I’ve learnt how to manage the thoughts and what I need to do to keep myself sane in order not to lose my mind thinking about what happened to my boys.
That helped when writing, because nothing that I write down can ever be worse than what’s in my head.
It was hugely cathartic to be able to do that and do it in a very safe space. We established at the very beginning that if I made the decision not to publish, that was okay. That gave me a huge amount of control and why I was comfortable with it.
You wrote, “I had everything taken from me. My boys…and Sanj was in prison. It took me time to comprehend the evil he had done and to understand what he had been in my life, but he was gone too. From July 29, 2013, I was alone.”
This is written in the same chapter where your mother was afraid you would take your own life. Kathleen the book is very raw and honest.
It's what it was. I was very lucky to meet a very good psychologist quite early on. I met him for the first time about five weeks after losing the boys and I credit him completely for keeping me sane.
When it comes to any loss, in particular child loss, emotions and feelings can embed themselves inside of you and it's not always going to be healthy. Whereas I was able to talk that through with a professional who had a background in trauma counselling.
That allowed me to make sense of things, I’ve always said that I wasn’t suicidal, but there have been many times where I thought I don’t want to be here. The way I often describe it is, if I had a cancer diagnosis within those first couple of years, I don’t know if I would have wanted to treat it. I would have just let it play out, in other words if something happened to me, I wouldn’t have been sorry.
It's different now, but I often talk about how death doesn’t scare me, because I am going to meet my boys.
I don’t want to get over the loss of my boys, I feel that every day. I am very aware that words can be very powerful. People say you move on, I don’t, I just move forward. It’s the same with grief, I don’t want to get over it, but I need to learn to live with it and find some meaning in that life and that’s what I’ve done.
Your home was a happy family home, and the boys idolised their dad. Were there any warning signs?
No there wasn’t. There was the embezzlement, which I found out about ten days before. So, things were strained with us at that particular point, but the boys would not have been aware of that. Prior to that we were just a normal happy family.

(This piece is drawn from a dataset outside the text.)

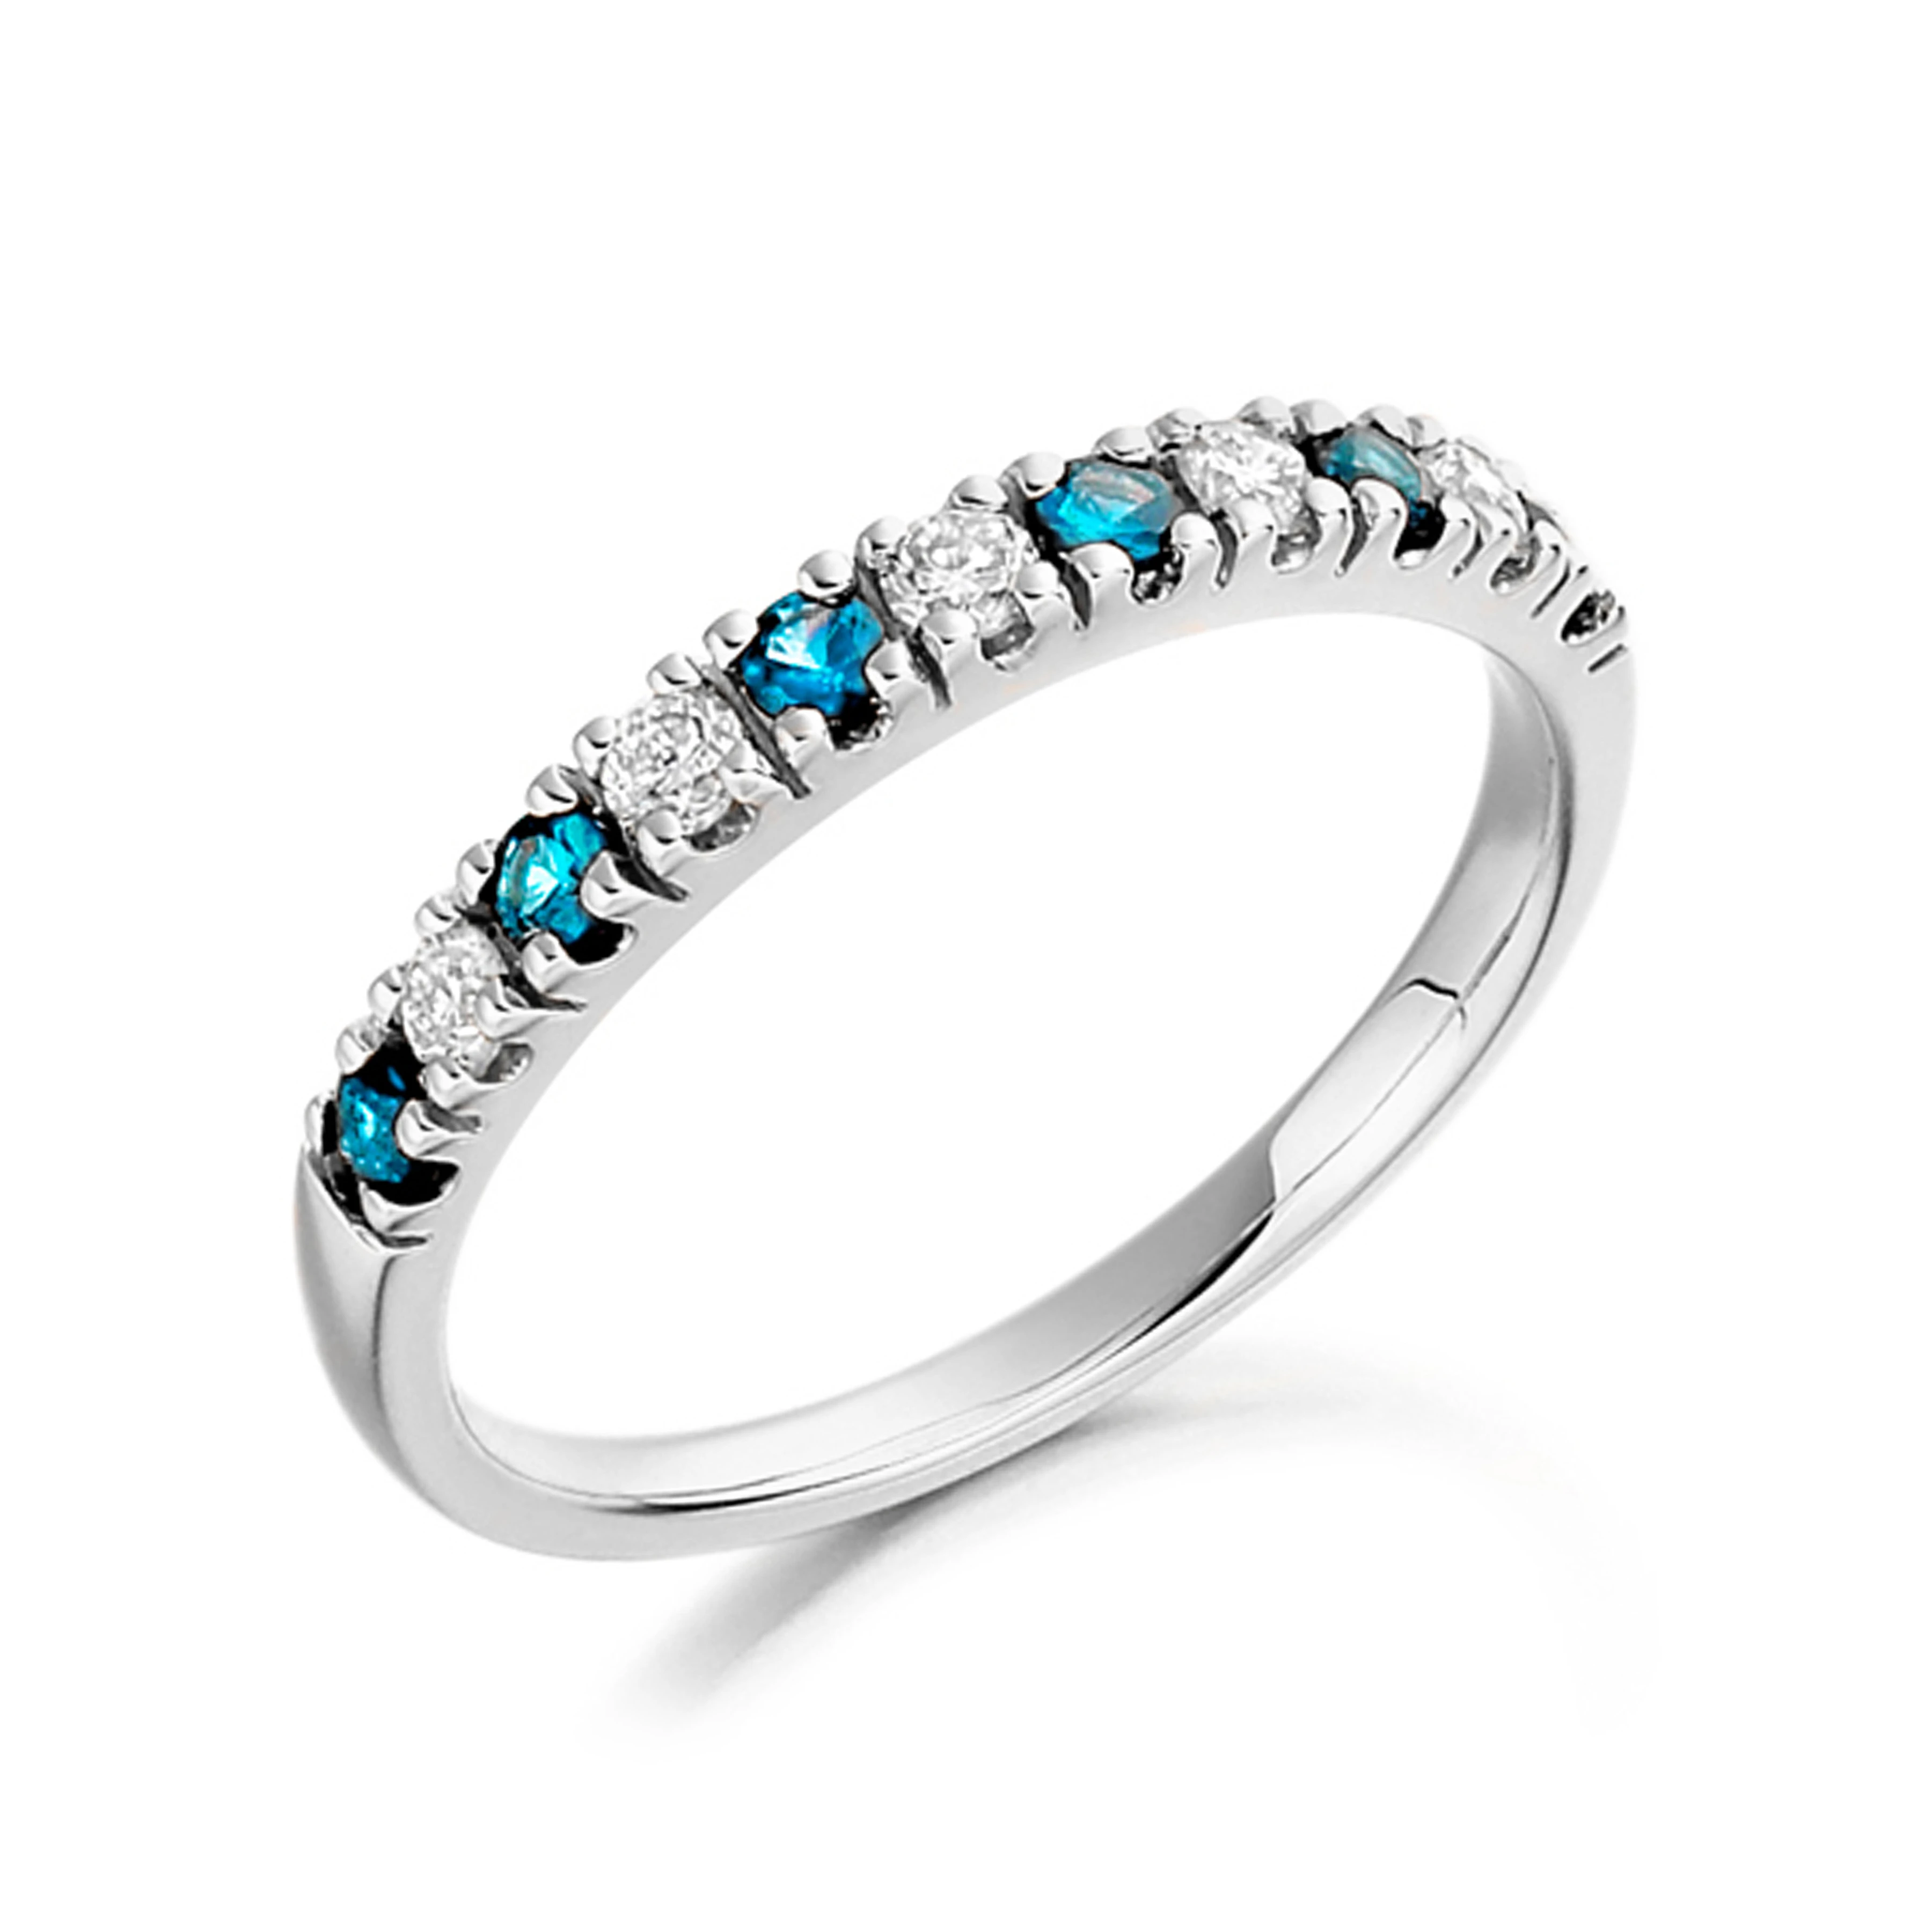 2mm Round Blue Topaz Half Eternity Diamond And Gemstone Ring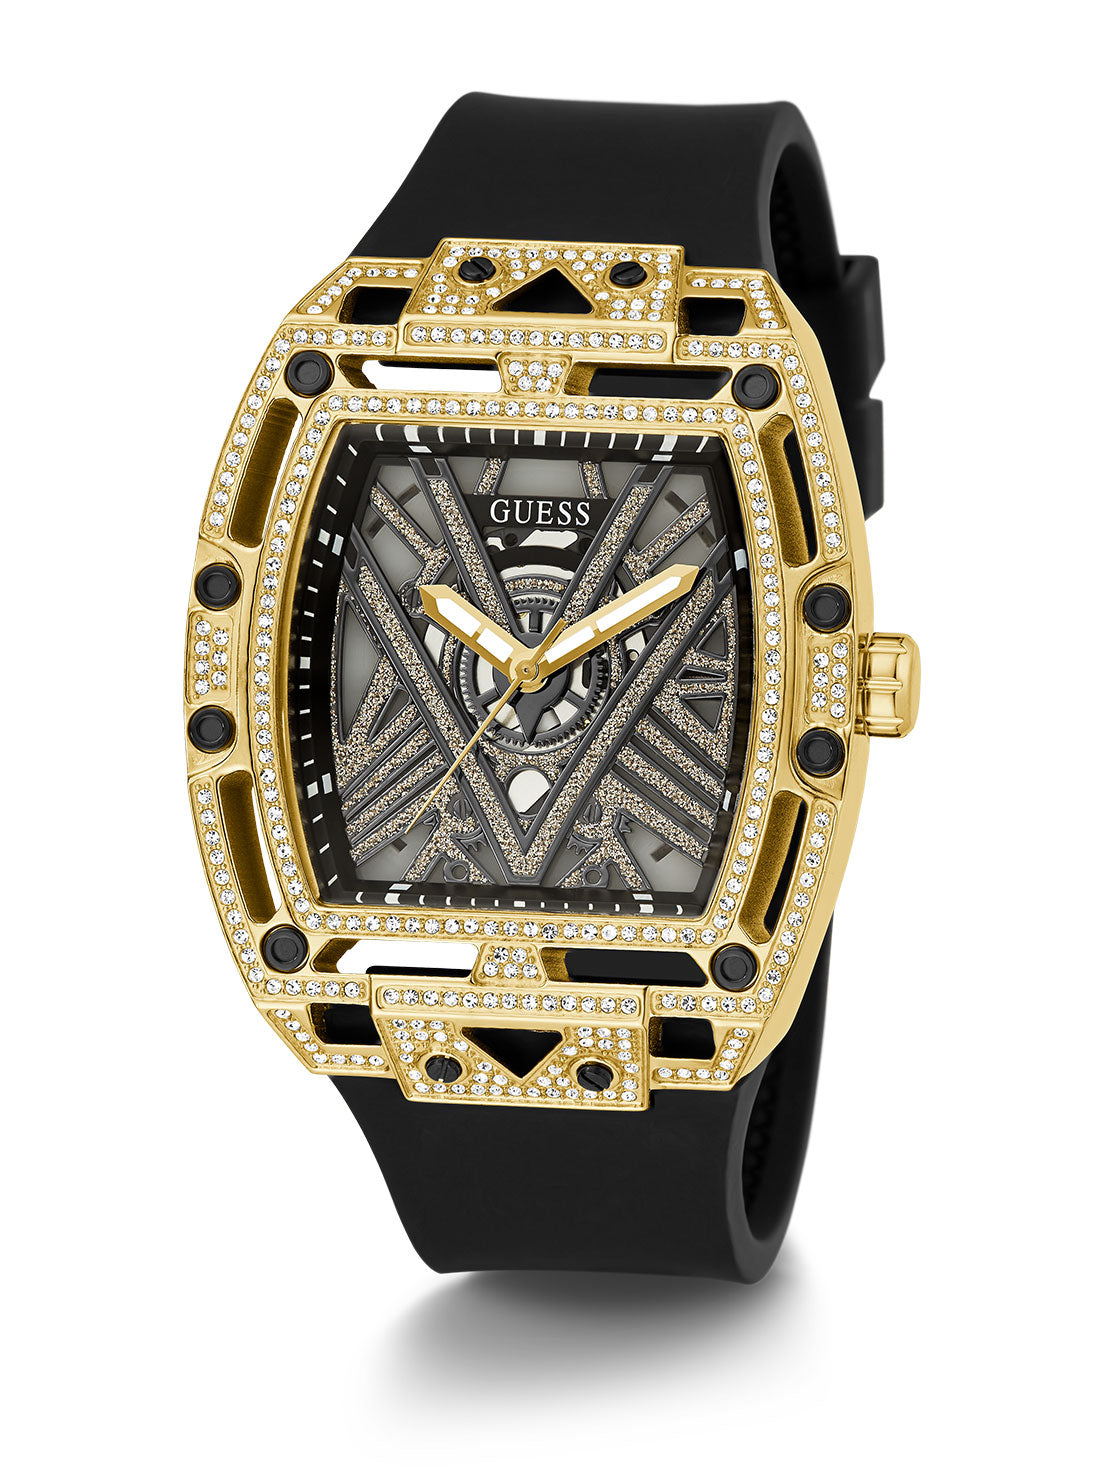 GUESS Men's Black Gold Legend Silicone Glitz Watch GW0564G1 Full View

There was absolutely no way of predicting what was going to happen. Even on that Sunday night and throughout the Monday when the Gardai were coming and going, I kept thinking, Sanj will be ok, he has the boys with him, they will all be ok. It never occurred to me throughout that whole time that he would do anything to the boys.
What is your message for people?
Reach out for help. Whatever is going on, just please reach out. Or if you can’t do it yourself, have somebody do it on your behalf. Just have a conversation. To me that’s what it’s all about, because things are always fixable.
Kathleen Chada will be attending a book signing of her memoir ‘Everything’ in Kilkenny’s Easons at MacDonagh Junction on Saturday, June 10, 2023 at 12noon.